Sanciones de EE.UU. y Reino Unido: el golpe a la banca kirguisa
Este rol de intermediario ha atraído un escrutinio creciente de Washington y Londres. En enero de 2025 el Departamento del Tesoro de Estados Unidos sancionó al Keremet Bank, acusándolo de coordinarse con funcionarios rusos y con Promsvyazbank para facilitar transferencias transfronterizas. Según el Tesoro, el Ministerio de Finanzas kirguís había vendido en 2024 una participación mayoritaria del banco a una firma cercana a un oligarca ruso, con el objetivo declarado de crear un centro de evasión de sanciones.
En agosto de 2025 el Reino Unido amplió la presión al sancionar a Capital Bank of Central Asia, designado por Bishkek como la única entidad autorizada para gestionar transacciones en rublos, junto con dos plataformas de criptomonedas, Grinex y Meer, que Londres acusó de operar la infraestructura de un token respaldado en rublos —el A7A5— que habría movido unos USD 9.300 millones en apenas cuatro meses.
El presidente kirguís, Sadyr Japarov, rechazó las acusaciones y calificó las sanciones de “politizadas”. Argumentó que su país mantiene una política exterior multivectorial y recordó que, pese a las sanciones británicas, el Reino Unido sigue comprando alrededor de USD 1.000 millones anuales en oro kirguís, mientras la Unión Europea comerció con Rusia por USD 141.000 millones en 2024, según datos citados por Japarov.
¿Qué implica para Argentina?
Para la economía argentina, el nuevo rol de Kirguistán tiene un eco directo. La creciente demanda rusa de materias primas y bienes de consumo ha abierto una vía alternativa para exportadores argentinos que buscan diversificar sus mercados. Empresas de agroindustria de la zona de Córdoba, por ejemplo, están evaluando la posibilidad de enviar trigo y soja a través de los corredores kirguises, aprovechando los menores costos logísticos que generan los flujos de reexportación.
Además, la presión de EE.UU. y el Reino Unido sobre los bancos kirguises ha encendido la alerta en la comunidad financiera argentina. El riesgo de que instituciones argentinas se vean involucradas indirectamente en sanciones secundarias ha llevado a la Banco Central de la República Argentina a emitir recomendaciones de cautela al operar con contrapartes en la región euroasiática.

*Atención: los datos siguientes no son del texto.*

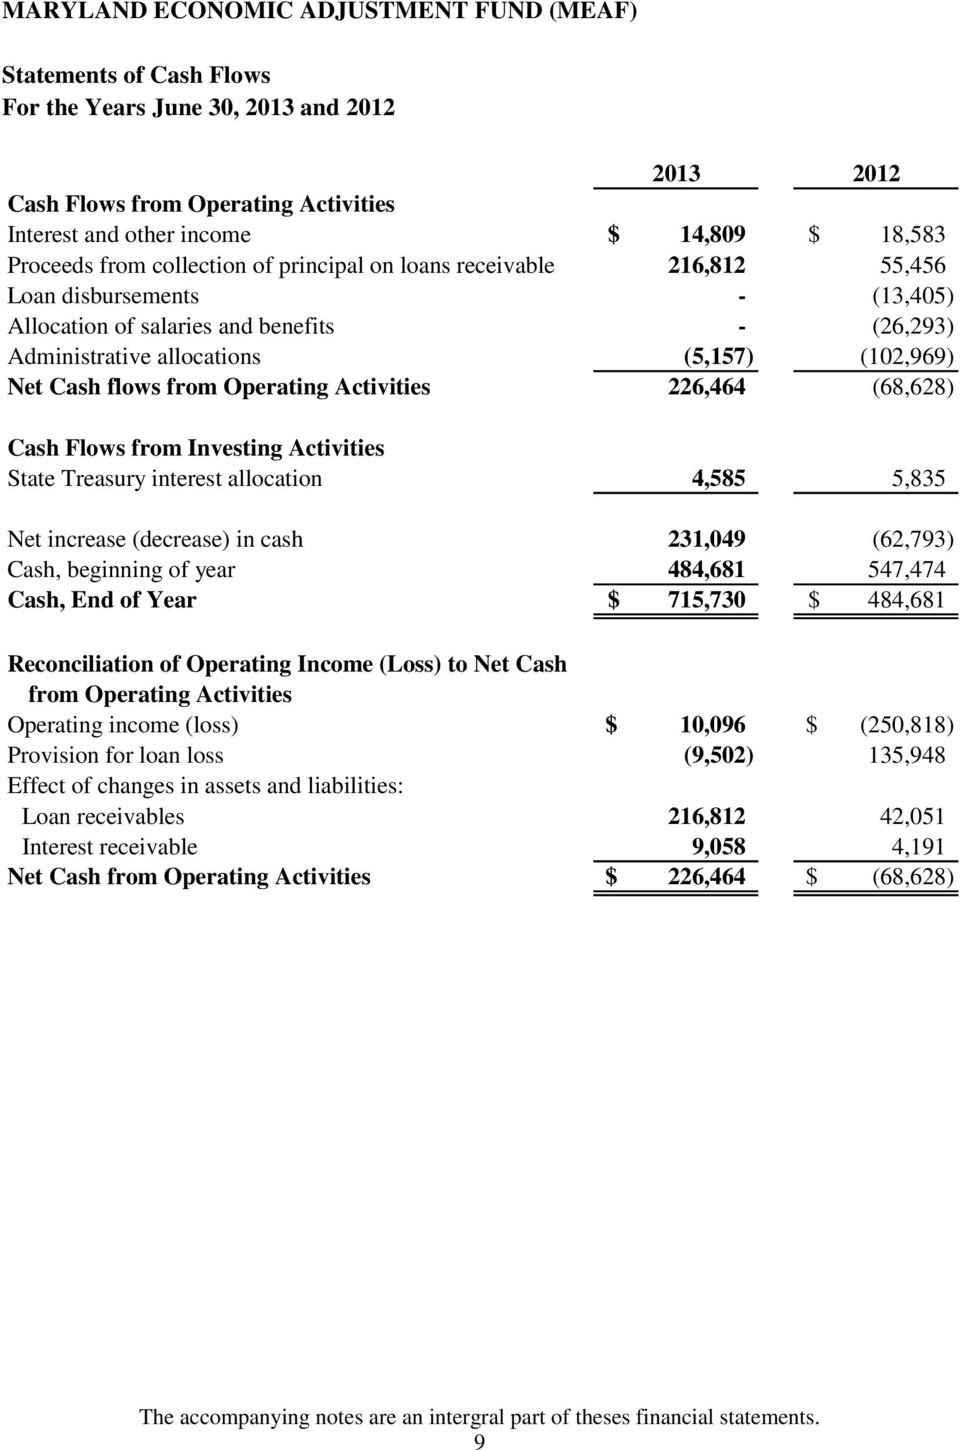 from Investing Activities State Treasury interest allocation 4,585 5,835 Net increase (decrease) in cash 231,049 (62,793) Cash, beginning of year 484,681 547,474 Cash, End of Year $ 715,730 $ 484,681

En el plano de la inversión, el auge kirguís ha despertado el interés de fondos argentinos que buscan oportunidades en infraestructura de transporte y logística en Asia Central. Proyectos de carreteras y puertos secos en Kirguistán podrían convertirse en una pieza clave para conectar la producción agrícola del Cono Sur con los mercados rusos y europeos, siempre y cuando la situación geopolítica se mantenga estable.
Raíces históricas del nuevo rol kirguís
Kirguistán, que formó parte de la Ruta de la Seda, siempre ha sido un punto de cruce entre oriente y occidente. Durante la era soviética, su territorio sirvió como paso estratégico para el traslado de recursos y tropas. Tras la disolución de la URSS, el país quedó relegado a la periferia económica, pero la reciente reactivación del comercio transfronterizo le ha devuelto parte de ese protagonismo histórico.
El proceso de integración en la Unión Económica Euroasiática, iniciada en 2015, sentó las bases institucionales para que el sistema bancario kirguís pudiera ofrecer servicios de cambio de divisas y compensación de pagos en rublos, algo que antes era impensable. Hoy, esa infraestructura se está utilizando para sortear sanciones que, de otro modo, habrían aislado a Rusia del mercado global.
Sin embargo, el futuro del corredor depende de variables fuera del control de Bishkek: un posible acuerdo de paz en Ucrania, un endurecimiento sostenido de la fiscalización occidental o una decisión de los exportadores chinos de buscar rutas alternativas podrían revertir rápidamente el crecimiento que hoy se sostiene, en gran medida, sobre el conflicto que lo hizo posible.